Рассказывали женщины, как она с одним немцем срезалась из-за названия колхоза. Проезжал мотоциклист по улице, остановился возле ее двора, вынул карту, подзывает ее. «Как называется?» — показывает рукой на нашу заречную часть села. «Колхоз «Большевик», говорит». — «Как — «Большевик»?» А при немцах колхоз назывался «Алексеевская община № 2». «Так, говорит, «Большевик». Немец лезет в кобуру за пистолетом, а Ольга в карту к нему заглядывает. «Пан офицер, говорит, так чего же вы на меня вызверились? Вот же, смотрите, и у вас написано: «Колхоз «Большевик». (Карта была копия с нашей — на русском и на немецком языках наименования населенных пунктов.) Я вам правильно называю. А вот та дорога — то на «Червоний партизан» пойдет. Если я вам скажу «Община № 2», так вам же непонятно будет. Я вас с пути собью. У вас и на карте нет такого названия». Немец свернул карту трубкой, хлестнул ее по лицу, поехал дальше — на «Червоний партизан». А она стоит, смеется.
Эти бабы, девчата, старики могут, Микола, больших чудес там натворить. Возьмутся да и проведут и посевную и уборочную еще лучше, чем когда-то при нас проводили. Если задержимся в Европе да не скоро вернемся домой, они нам встречу подготовят такую, что мы придем и глазам своим не поверим: да когда же вы, родные, успели это все сделать?..
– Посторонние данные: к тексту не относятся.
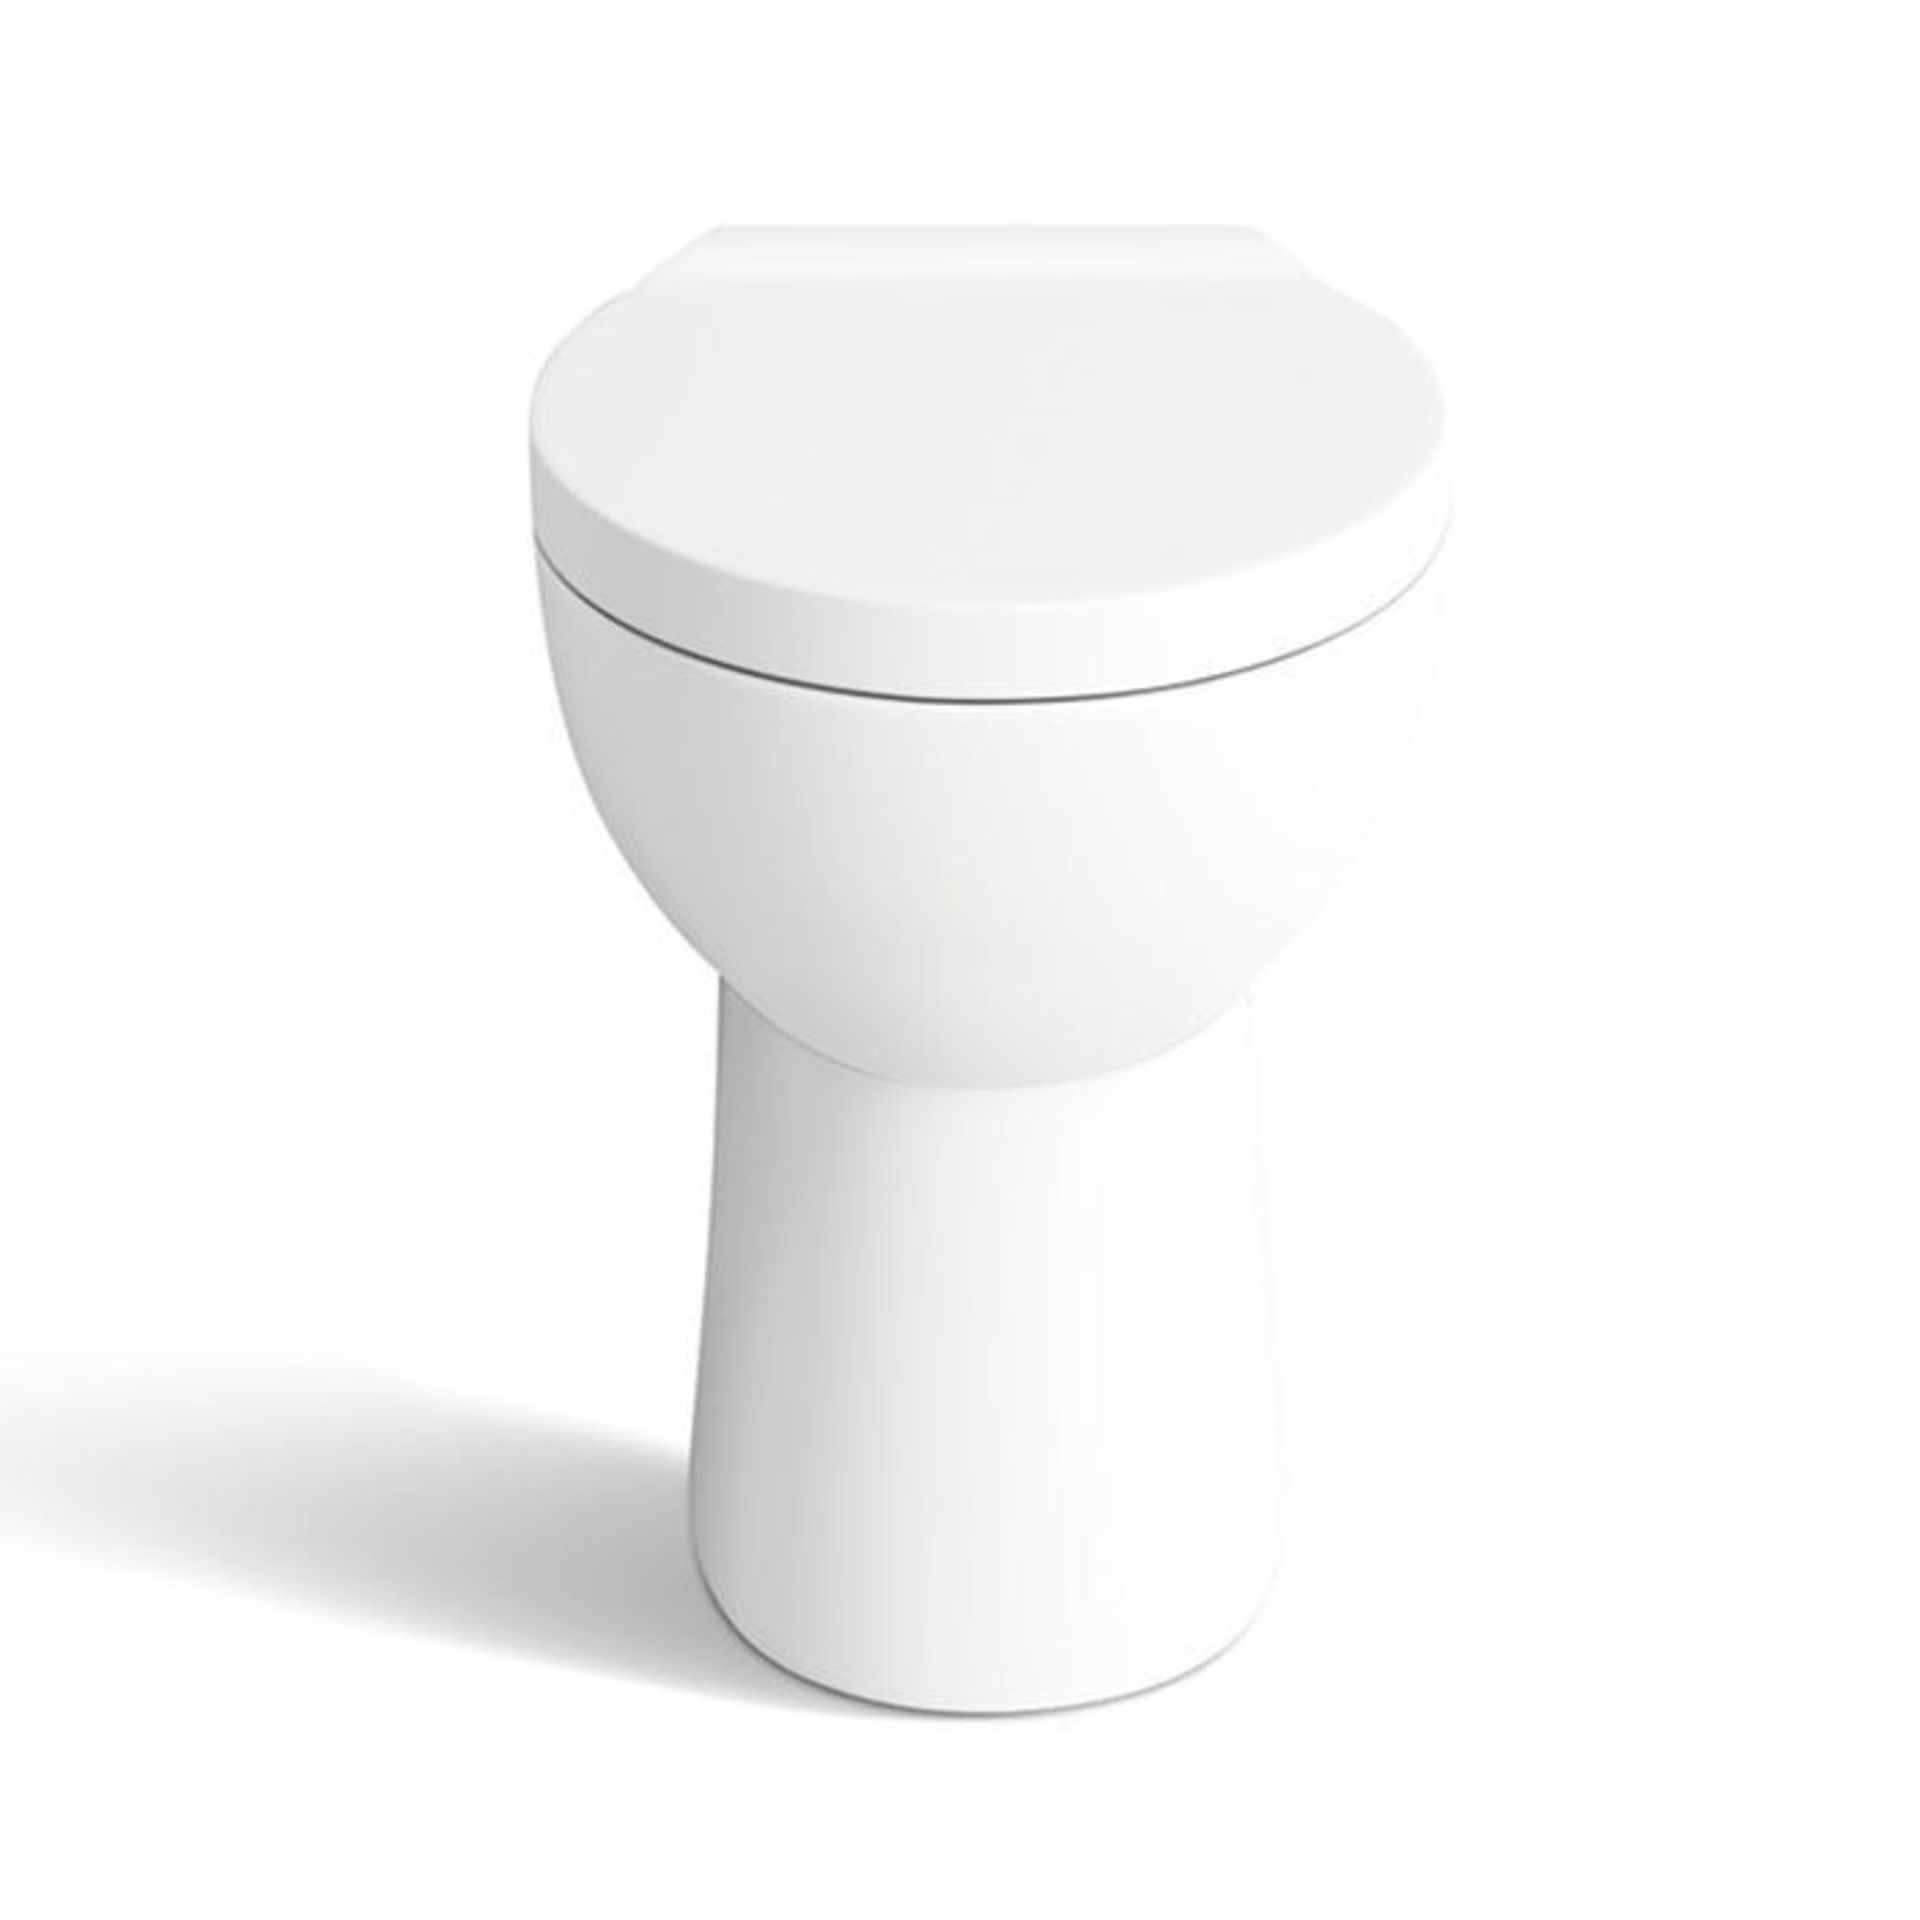 NEW Quartz Back to Wall Toilet.Stylish design Made from White Vitreous China Finished in a high... - Image 2 of 2

По крестьянскому обычаю полагается, Микола, начинать с поклонов, ну, ты уж меня извини, под конец оставил. Поклонов да приветов тебе надавали из колхоза столько, что я им говорил: что же это, мне целый день придется стоять перед ним и кланяться, пока голова отвалится?
Ольга Рудыченко передавала поклон. Феня Кулешова кланялась от всей огородной бригады. Лука Гаврилович передавал привет горячий. И Никитченко кланялся и Федченко — председатель райисполкома. Нас там все-таки не лихом поминают. Ольга говорила: «Жаль, нет Миколы Ильича. Я взяла обязательство двадцать центнеров подсолнуха с гектара собрать, больше не рискнула, а с ним и на тридцать подписала бы. Два года не было у нас ни курсов, ни кружков никаких, забыли, что учили с ним. Да, может, оно уже и устарело, что учили, может, за это время стахановцы, куда немец не доходил, еще какие-нибудь новые способы повышения урожайности открыли, а мы про них еще ничего и не знаем…»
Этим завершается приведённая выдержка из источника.